HAMILTON BEACH BRANDS HOLDING COMPANY
(Exact name of registrant as specified in its charter)
 
 
 
DELAWARE
001-38214
31-1236686
(State or other jurisdiction of incorporation)
(Commission File Number)
(IRS Employer Identification No.)
 
 
 
4421 WATERFRONT DR, GLEN ALLEN, VA
23060
(Address of principal executive offices)
(Zip code)
 
 
 
(804) 273-9777
(Registrant's telephone number, including area code)
 
 
 
N/A
(Former name or former address, if changed since last report)

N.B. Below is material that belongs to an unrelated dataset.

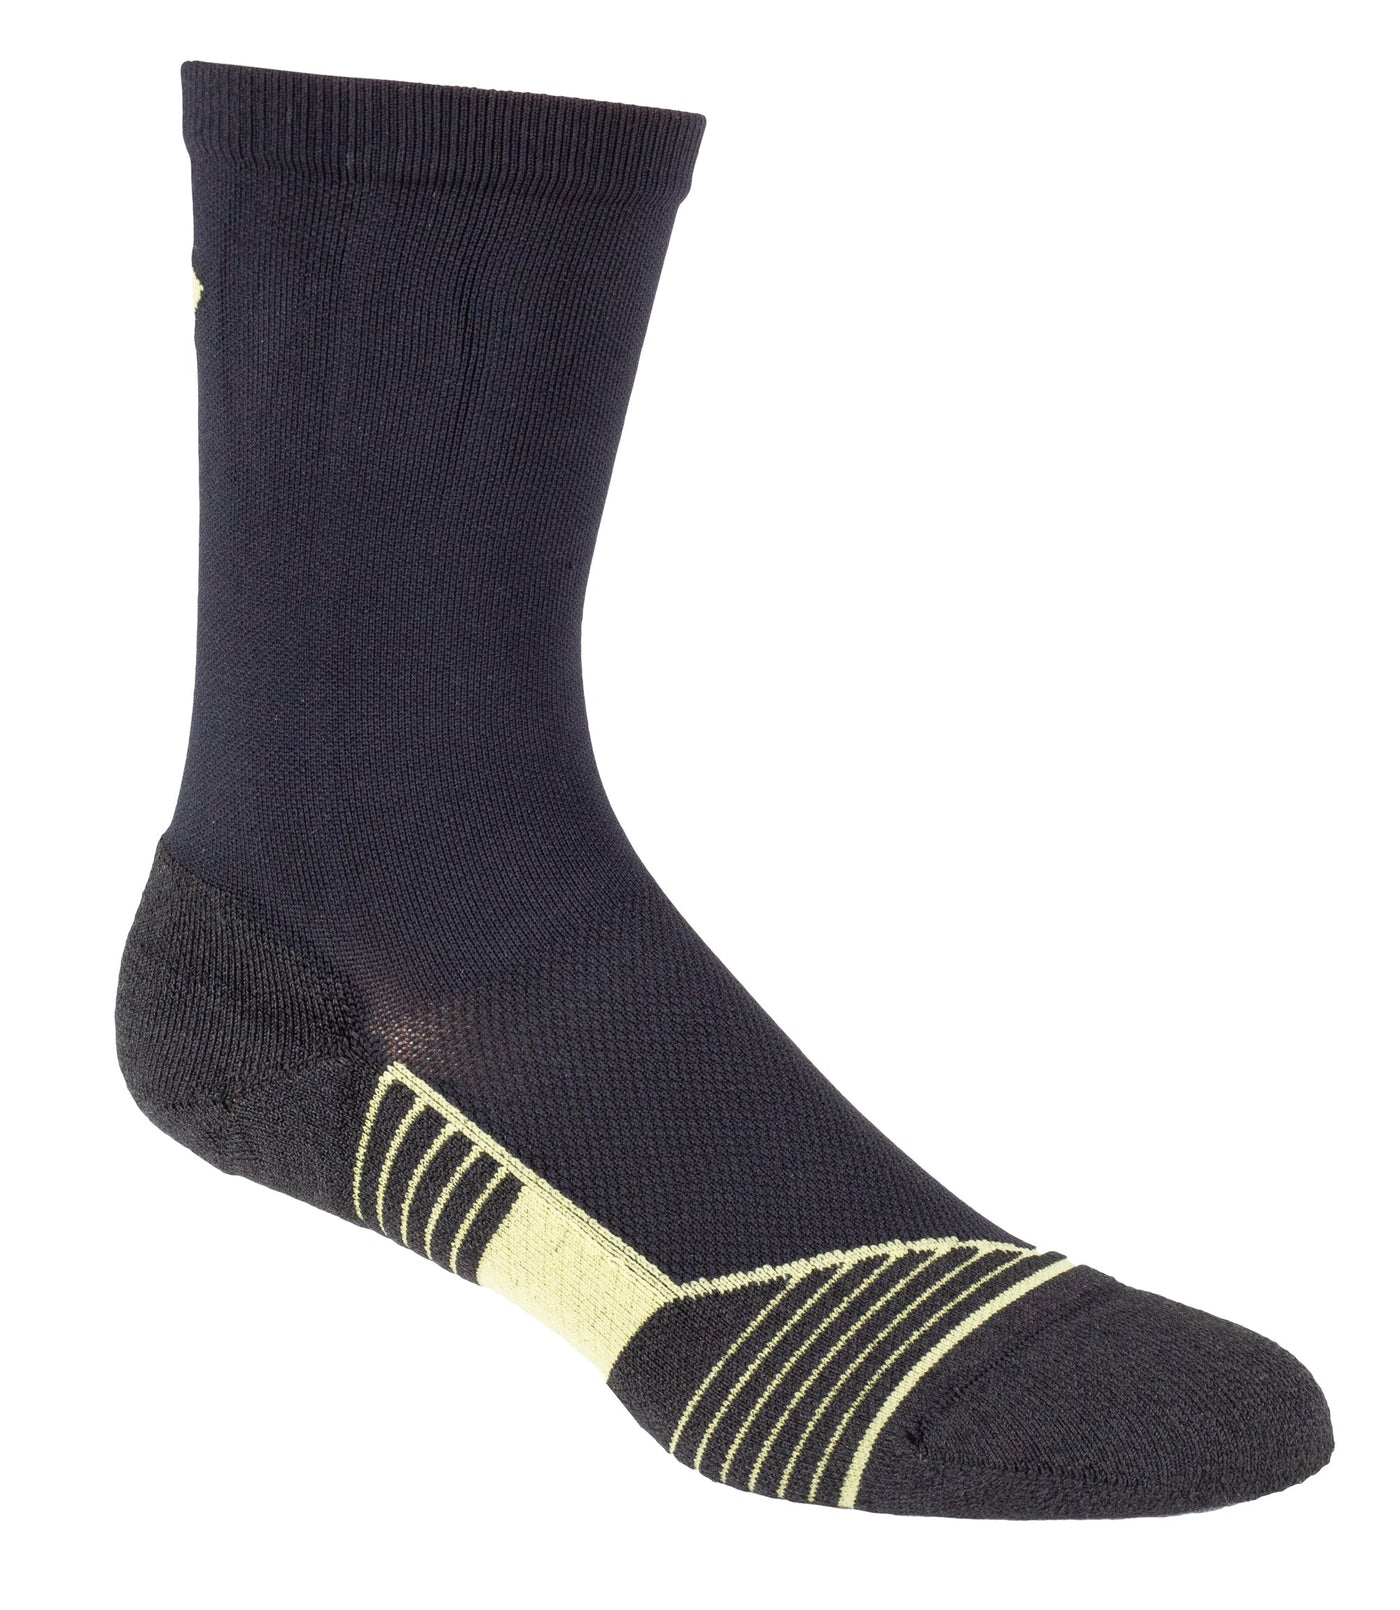 Front of Advanced Fit 6" Sock in Black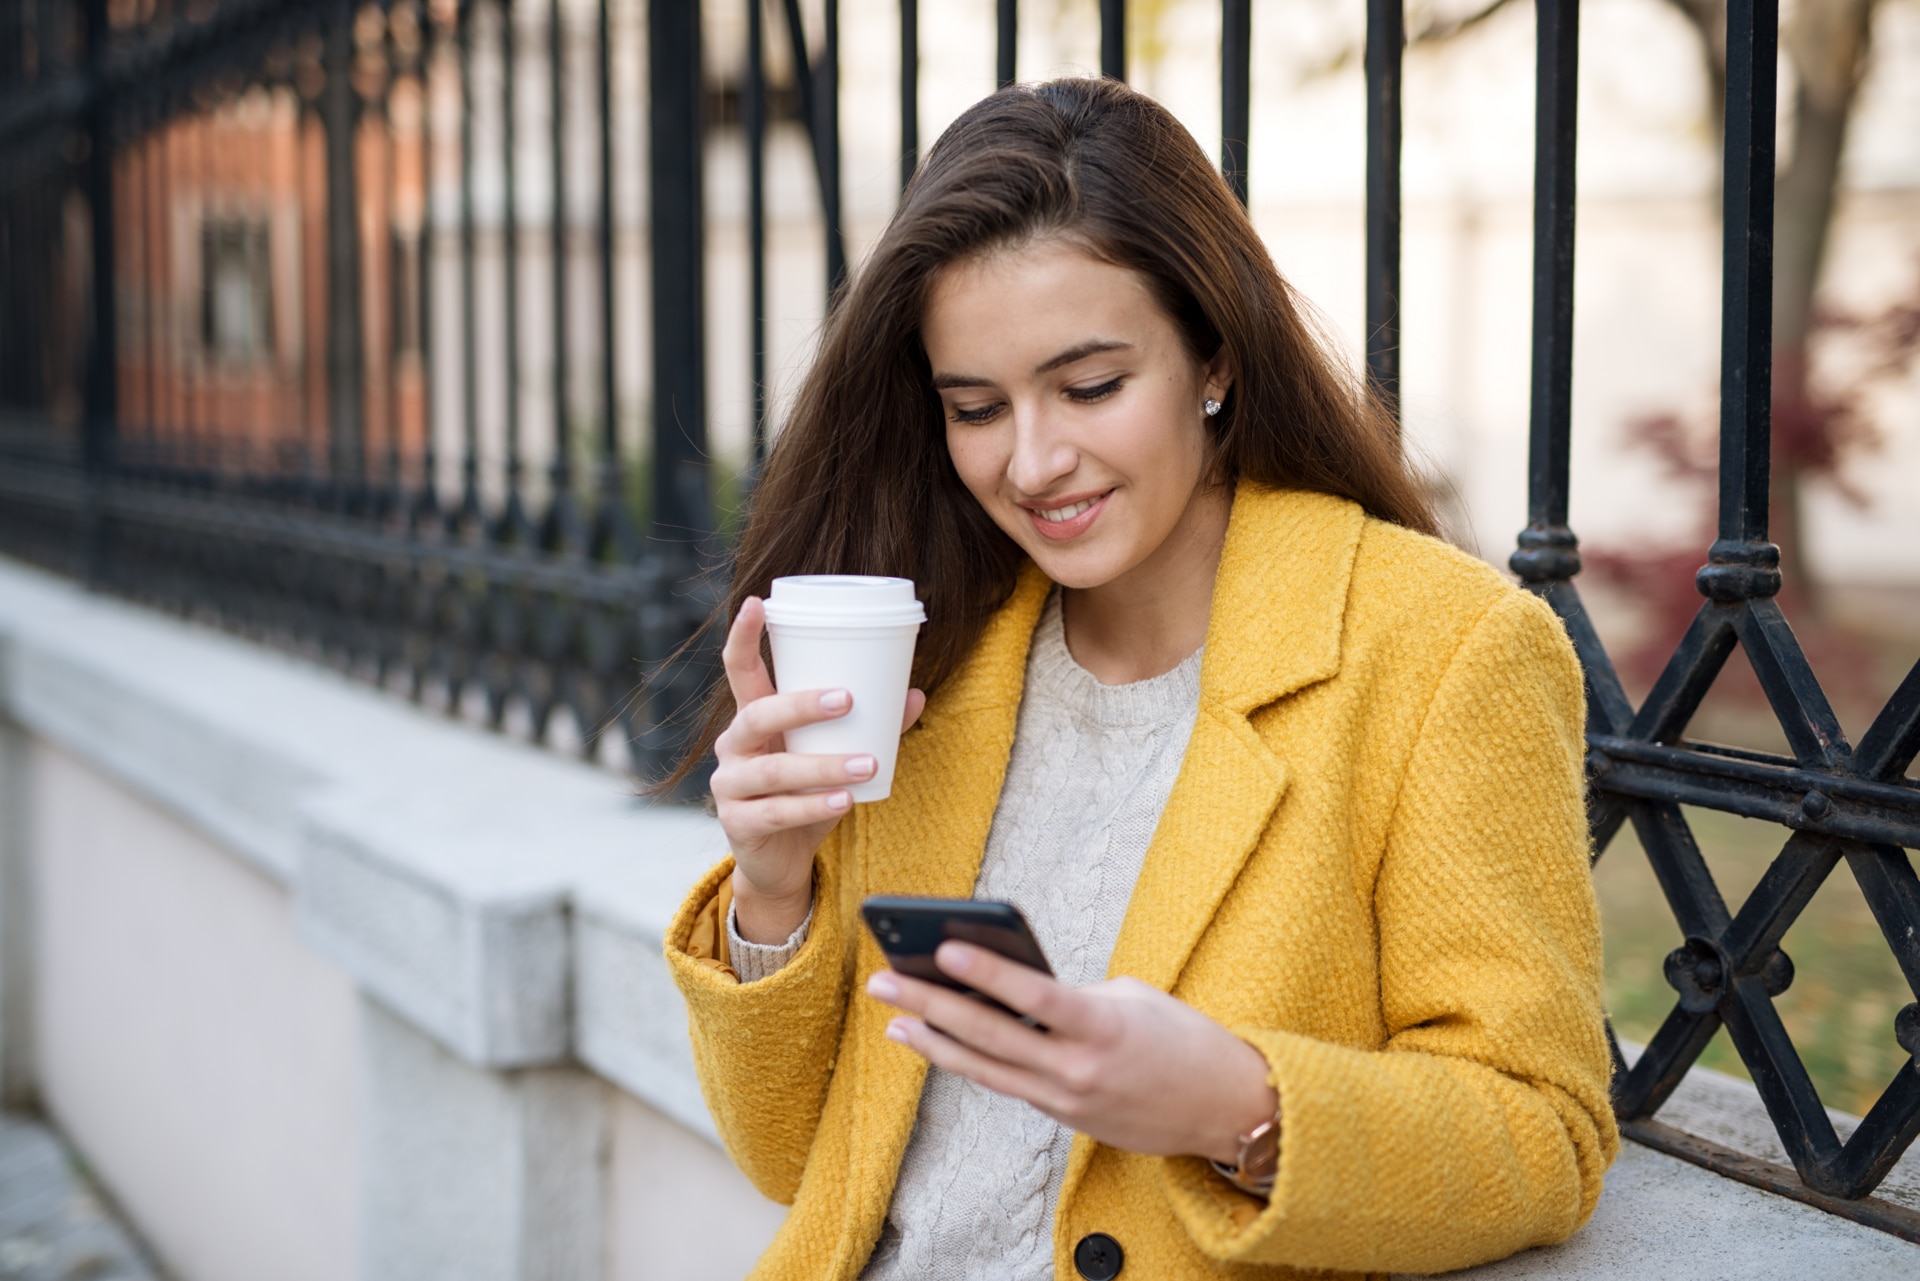 Smiling woman using mobile and drinking coffee

Check the appropriate box below if the Form 8-K filing is intended to simultaneously satisfy the filing obligation of the registrant under any of the following provisions:
[ ] Written communications pursuant to Rule 425 under the Securities Act (17 CFR 230.425)
[ ] Soliciting material pursuant to Rule 14a-12 under the Exchange Act (17 CFR 240.14a-12)
[ ] Pre-commencement communications pursuant to Rule 14d-2(b) under the Exchange Act (17 CFR 240.14d-2(b))
[ ] Pre-commencement communications pursuant to Rule 13e-4(c) under the Exchange Act (17 CFR 240.13e-4(c))
Indicate by check mark whether the registrant is an emerging growth company as defined in as defined in Rule 405 of the Securities Act of 1933 (§ 230.405 of this chapter) or Rule 12b2 of the Securities Exchange Act of 1934 (§240.12b-2 of this chapter):
Emerging growth company       [X]
If an emerging growth company, indicate by check mark if the registrant has elected not to use the extended transition period for complying with any new or revised financial accounting standards provided pursuant to Section 13(a) of the Exchange Act.     [ ]

 
 
 
 
 





Explanatory Note

This Amendment No. 1 to Current Report on Form 8-K/A (“Amendment No. 1”) is filed as an amendment to the Current Report on Form 8-K filed by Hamilton Beach Brands Holding Company (the “Company”) on October 16, 2018 (the “Original Form 8-K”). The Original Form 8-K was filed to, among other things, announce the appointment of Michelle Mosier to the position of Vice President, Chief Financial Officer and Treasurer, effective January 1, 2019. This Amendment No. 1 supplements the Original Form 8-K with information relating to Ms. Mosier’s 2019 incentive compensation under the Company’s annual and long-term incentive compensation plans that was not finalized as of the filing of the Original Form 8-K. All other information set forth in the Original Form 8-K is otherwise unchanged.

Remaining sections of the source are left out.